I wouldnt just fill the holes in the transom imho thats asking for trouble
Estimate on material costs would be £3-500 for a good diy job
 
I would measure everything very carefully first. The new transom hole will probably sit lower than the two old ones. Meaning the engine will have to sit lower but if it’s a taller engine then you may not be able to fit it low enough
 
Personally I would fill all the holes first and then treat the transom as new with a new single installation. Depending on the size of the engine it won't be on centre due to prop walk.

I did this on a RIB that had twin 75hp engines that were replaced with a single 140. Holes were filled with laminated up plugs made using marine ply and Gurit epoxy / colloidal silica etc. The transom was probably stronger than when new.
 
I think you can forget the offset as most duo. Props take that out the equasion.
BMW power in Avengers had 4 inches but they produced huge torque and they were very deep V.
I think that cutting the hole before making the new stiffened transom an integral part of the boat isn’t a good idea.
I think that the amount of work internally on the beds to change from single to twin, the height of the engine,and also the trimmed up drive position that will determine the height of those beds need to be established at an early stage. Which would point to the final hole being positioned later.
I would also look at a slight splay off centerline perhaps 1 ft behind the front engine mounts to give better access to the exhaust horn and rear of the engine.
It also forces any. Spray picked up from the vents or water from anywhere else to flow forward where it can be picked up easily from in front of the engine.
But as I said in an earlier post.
I would entrust the work to an experienced tradesman who would foresee all the potential problems, and work out a plan that will give you a solid structure to fit the new power plant.
And hopefully many years of fun on the water, and good resale potential.
 
When installing an engine the height of the engine is determined by the keel line. it is prety much set in stone within a very small margin depending on transom angle. Mercruiser produce a template to affix to the transom for this purpose volvo probably the same. Everything is referanced from the transom shield after it is installed. Fitting engine mounts before fitting the transom shield is pure guesswork there is nothing inside the hull to reference off to build engine mounts until the shield is trial fitted.
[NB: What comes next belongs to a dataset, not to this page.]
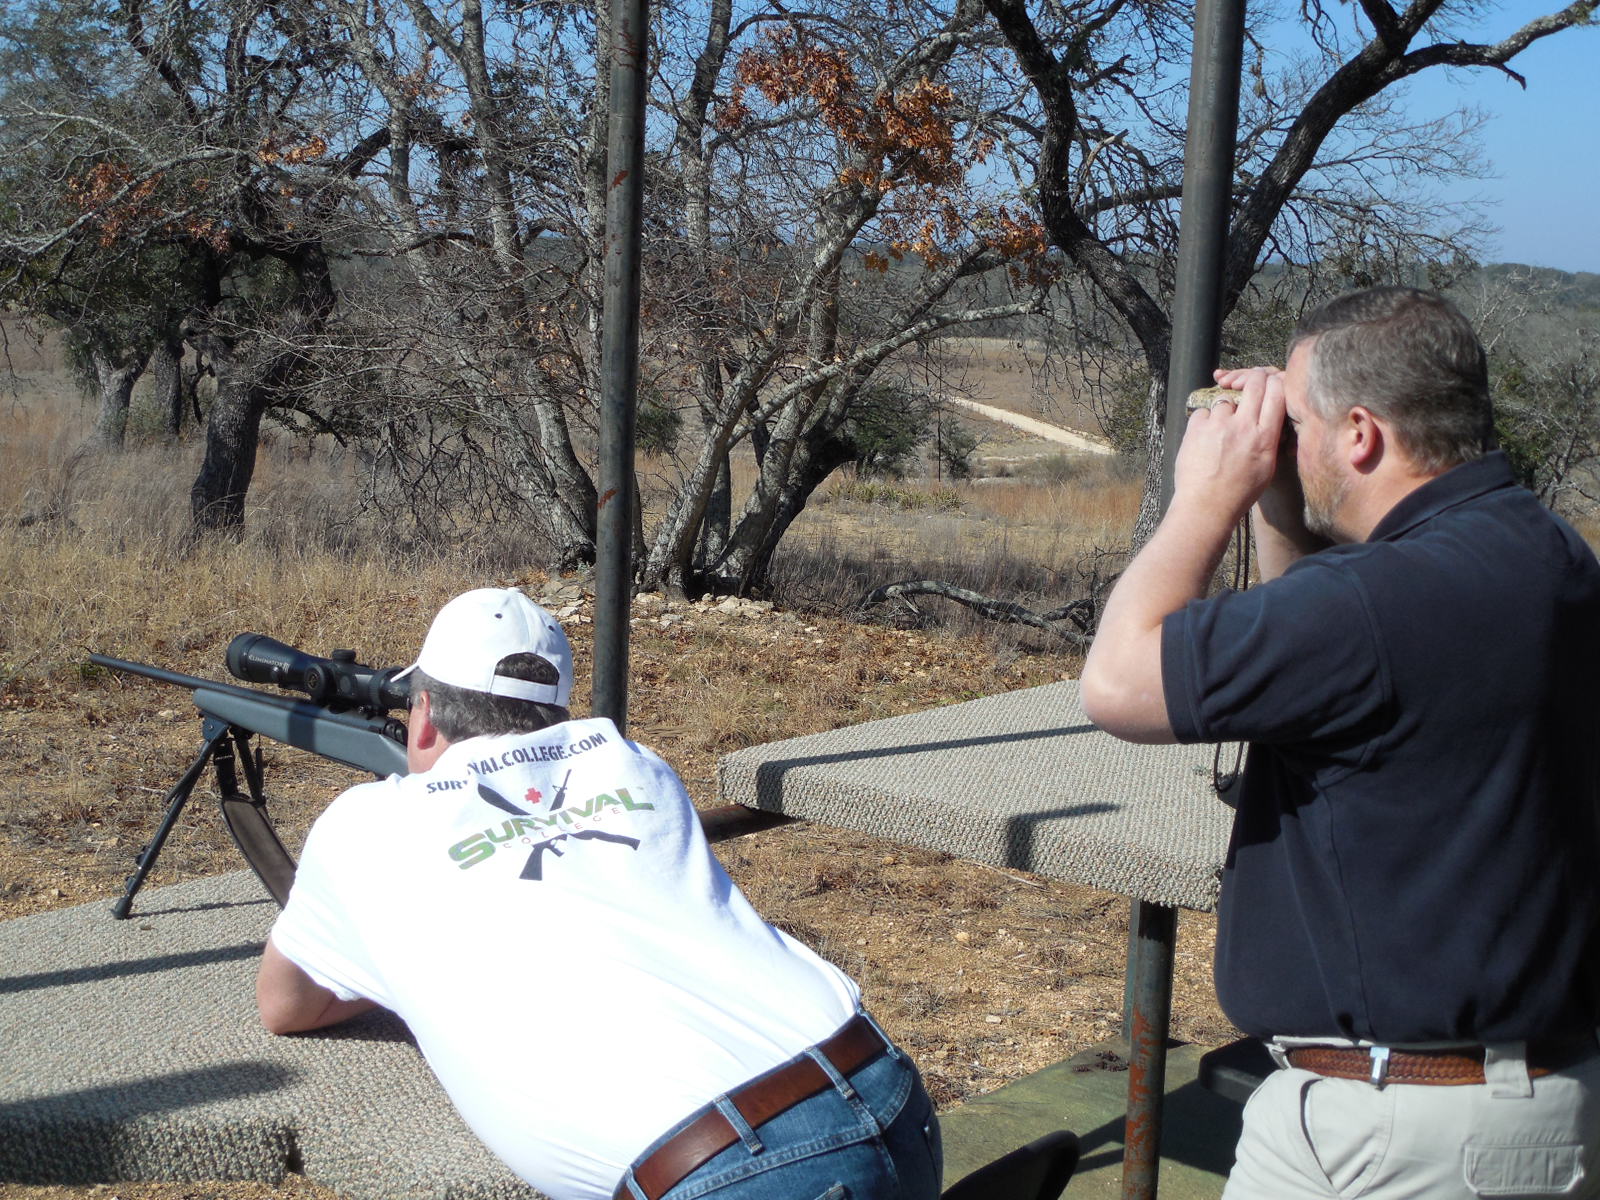 Ken Lewis formally with National Protective Services Institute also known as NPSI Training and currently with Prevent Prepare Protect Training and Consulting instructing a student during a Basic Rifle Instructor Class.

Hence the suggestion the hole be cut early in the process. The hole also gives access to install numerous clamps to hold the new ply being glassed in
 
Ok...
I do see your point about clamping the ply in position.
But from my experience it’s far easier to make good the gel and all the glassing to the outer skin of the boat before you cut another massive hole in it.
I have always used a template to get the engine mounted in the right place.
And never had any real problems in fitting engines from the manufacturers spec.
But every job produces a new set of challenges I suppose.